On the other hand, the virus writers are becoming increasingly clever at 'spoofing' email addresses. So it's possible that an email, purporting to have come from your address and laden with a virus package, has passed through a server with virus scanning software on which has bounced the email back to "you".

Just delete 'em.

And if you're running a mail client like Outlook, disable the 'automatic preview pane' so that incoming emails aren't automatically opened and displayed in Outlook... HTML emails (the ones with pretty pictures in, usually) carry "web bugs"... these are either blatant (big pictures which live on a server somewhere) or invisible (tiny one-pixel pictures that live on a server somewhere)... when the picture is loaded in the preview pane (or when you open the email), the server records that fact. And since clever spammers can add a unique code to the email they sent you, they therefore now know that they've hit a working email address and can zero in on you (and pass your email address to their spamming mates).

[Feadan]

Viruses these days get sent out with fake senders, so if your email is present anywhere in someone else's infected copy of outlook, a virus can (and assuredly will) pretend to come from you.

Spoofing happens all the time, Dale. I am quite vigilant with updating my virus defs and occasionally I get similar messages. Obviously somebody I know has an infected PC and the virus or spyware is spoofing my email address. FYI, many AntiVirus programs will not root out and get rid of spyware/adware which can also be detrimental to your machine. There are good programs out there like “Spybot Search and Destroy” and “Ad-Aware” which can be downloaded for free and used to ferret out these digital pests. The internet sometimes just ain’t a very friendly place unfortunately.

Cheers,
David

[MarkB]

I have been getting Nigerian money offers of late with the subject line concerning genealogy "Are you related to me etc." Seems that the scammers are trolling listservs of people who do genealogy. I have alerted several genealogy providers but to no avail.

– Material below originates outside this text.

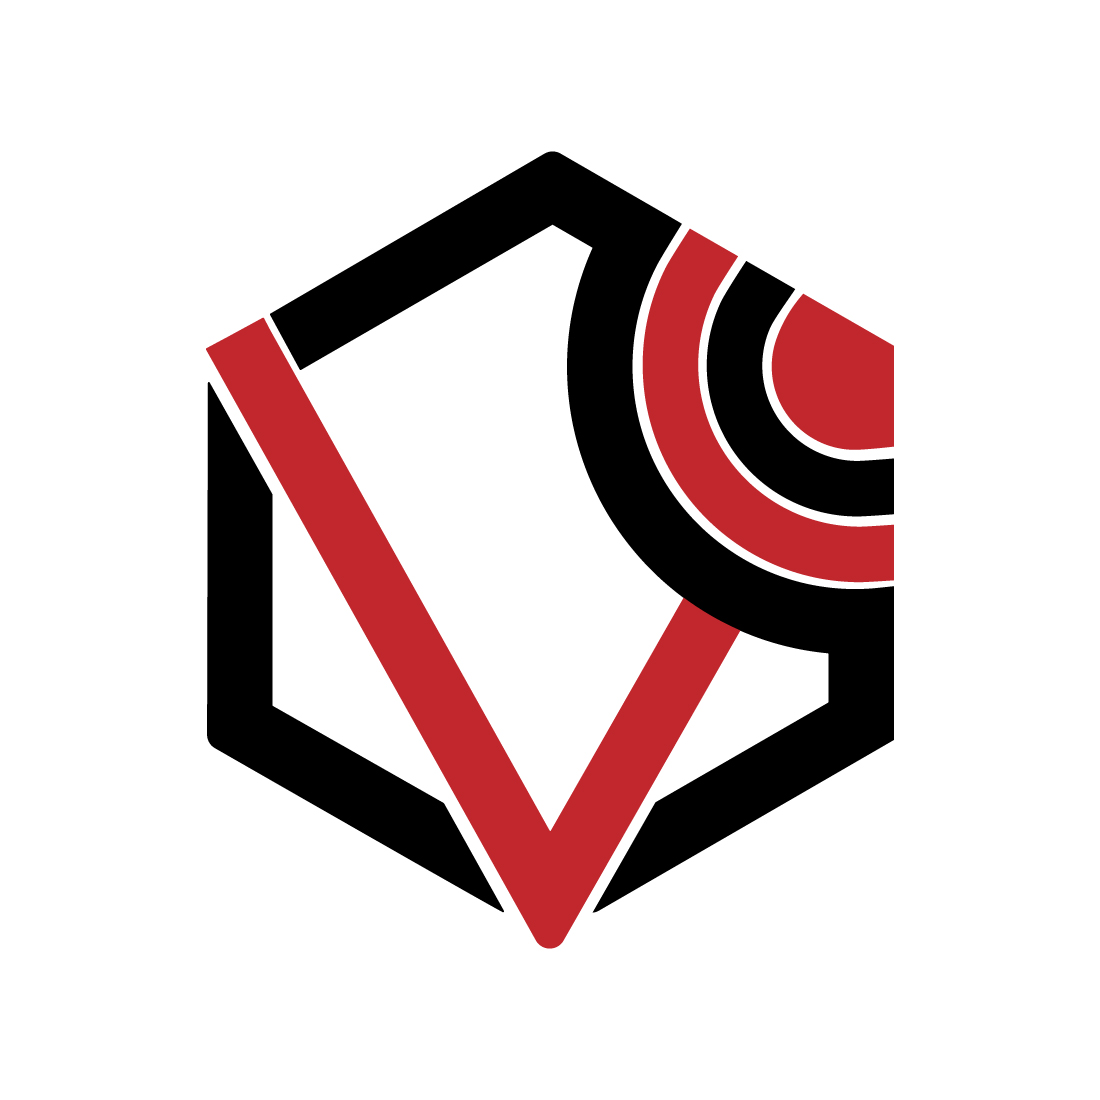 Initials V letters logo vector images V logo design red and black color polygon design preview image.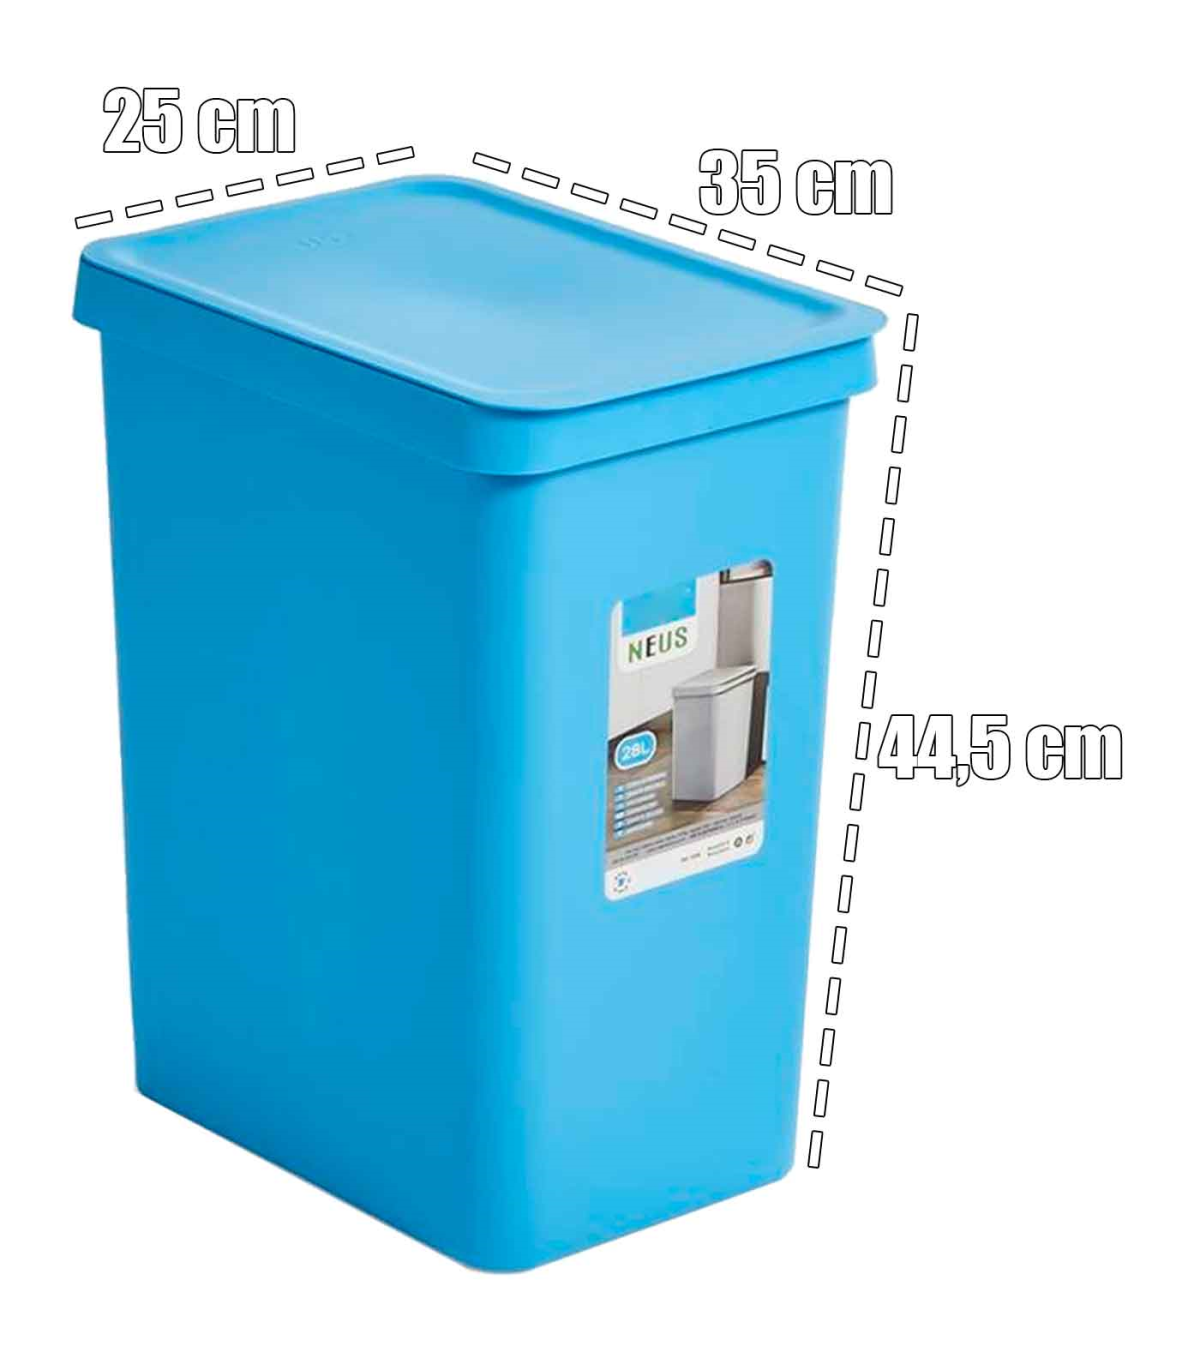 Cubo para la basura con tapa, color azul y varios tamaños - OFERTA

Alas I am wearing out my delete key.

It's just not you Dale!

MarkB

[Wanderer]

Dale,
I get a lot of these also.

As for me, I don't even run MS Outlook (which is one of the main email packages these virii target), and my email client is a plane-jain text-only beast that won't even read html email. While it lacks modern amenities, it also lacks virus-enabling scripting, and lacks an address book (my email address book is between my ears), so I know that my machine can't be sending them out.

Modern virii scan the infected users' address books. When they send out their virus laden emails, they use adresses they find in the "from:" line, to appear more legitimate and to encourage people to run the payload. Even more insidious, some will look at email subjects that have been sent before, and copy those as well, making it look like the virus is part of an ongoing conversation.

Many email servers automatically scan for virii, and if an email has one, it sends a message back to the originator. Since the originator in these instances is fake, the virus warning goes to the wrong person. You and I in these cases. If you've got up-to-date virus software, you can just delete these spurious "warnings".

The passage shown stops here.